Anyway, out of Mark's options i'd vote for a separate new AVDevice
API, and an adapter component to expose/plug in AVDevices as formats.
This general adapter can expose the generic options (and
device-specific options as child options), handle any threading as
needed, map device names to the url field, etc. Workflow could then be
something like (rough proposal to get this started):
AVDeviceContext* dev_ctx = avdevice_alloc_context();
AVInputDevice* dev_inp_ctx = av_find_input_device("dshow"); // or
av_input_device_next(AV_DEVICE_VIDEO) or
av_device_next(AV_DEVICE_VIDEO | AV_DEVICE_INPUT) for any
avdevice_open_input(dev_ctx, dev_inp_ctx, options);
// or:
AVDeviceContext* dev_ctx = avdevice_alloc_input_context(AVInputDevice*
device, const char* dev_name); // e.g. dev_name="dshow"
avdevice_open_input(dev_ctx, NULL, options);
// and similar for output.
// to start capture, discovers stream parameters if not yet known
avdevice_start();
// to just discover stream parameters without starting
avdevice_probe(); // after open
// NB: need to provide a way for devices to provide multiple streams
(e.g. dshow can provide video and audio simultaneously). Should
AVDeviceContexts have AVStreams? Then you introduce a bunch of extra
entanglement again...

// then
AVFormatContext* fmt_ctx = avformat_adapt_avdevice(dev_ctx);
// and use format like usual (except its already opened!)

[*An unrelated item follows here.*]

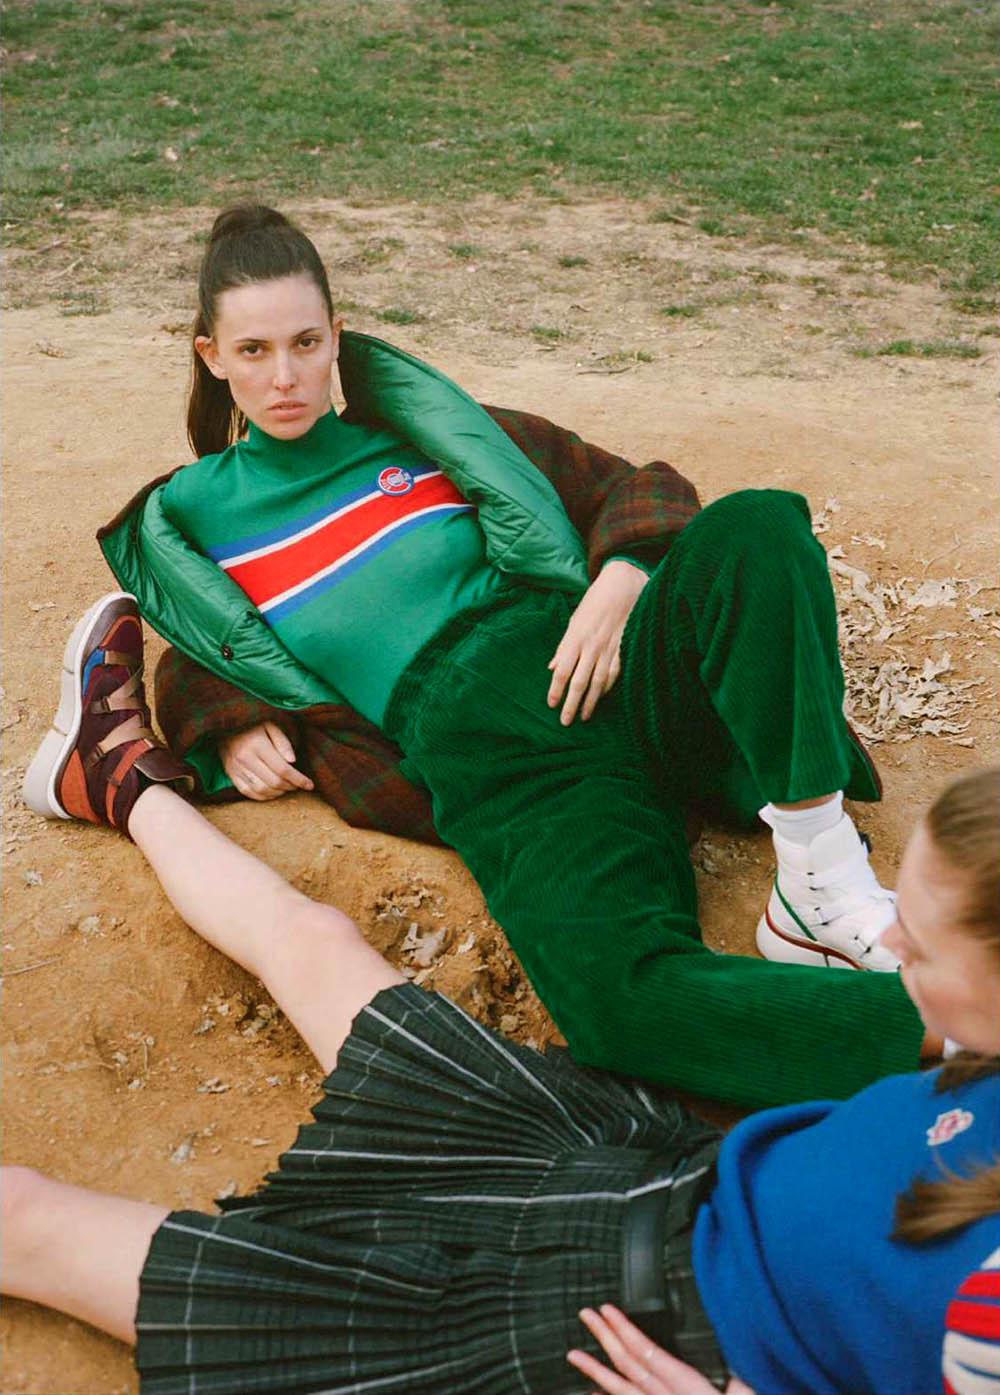 Lauren de Graaf and Ruby Aldridge by Rebekah Campbell for Elle UK July 2018

What this does not offer is av_find_input_format being able to find
devices (some user code may depend on that!), which is a nice part of
the current situation as well. code like
AVFormatContext* fmt_ctx = NULL;
AVInputFormat* fmt = av_find_input_format("something");
avformat_open_input(&fmt_ctx, "url", fmt, &opts);
works for devices as well, you just need to call
avdevice_register_all() first, use a device name like "dshow" in
av_find_input_format, and use a special url such as "video=Integrated
Webcam". Without such functionality you'd need a bunch of special
cases in your app to allow users to use devices as well. Perhaps this
can also still be provided as is currently the case. We should then
also implement a avformat_get_avdevice() function to get the avdevice
from the avdevice adapter format.

As seen above, and argued earlier, complete separation appears to me
impossible without losing most of the benefits of having avdevices in
the first place, and their current ease of use. But happy middle
ground allowing an advanced+flexible libavdevice API and a cleaned up
libavformat API does seem possible. There is a sweet spot there.

All that said, lets not stop work on the current avdevice component
(my patch set) while figuring out the way forward.

Cheers,
Dee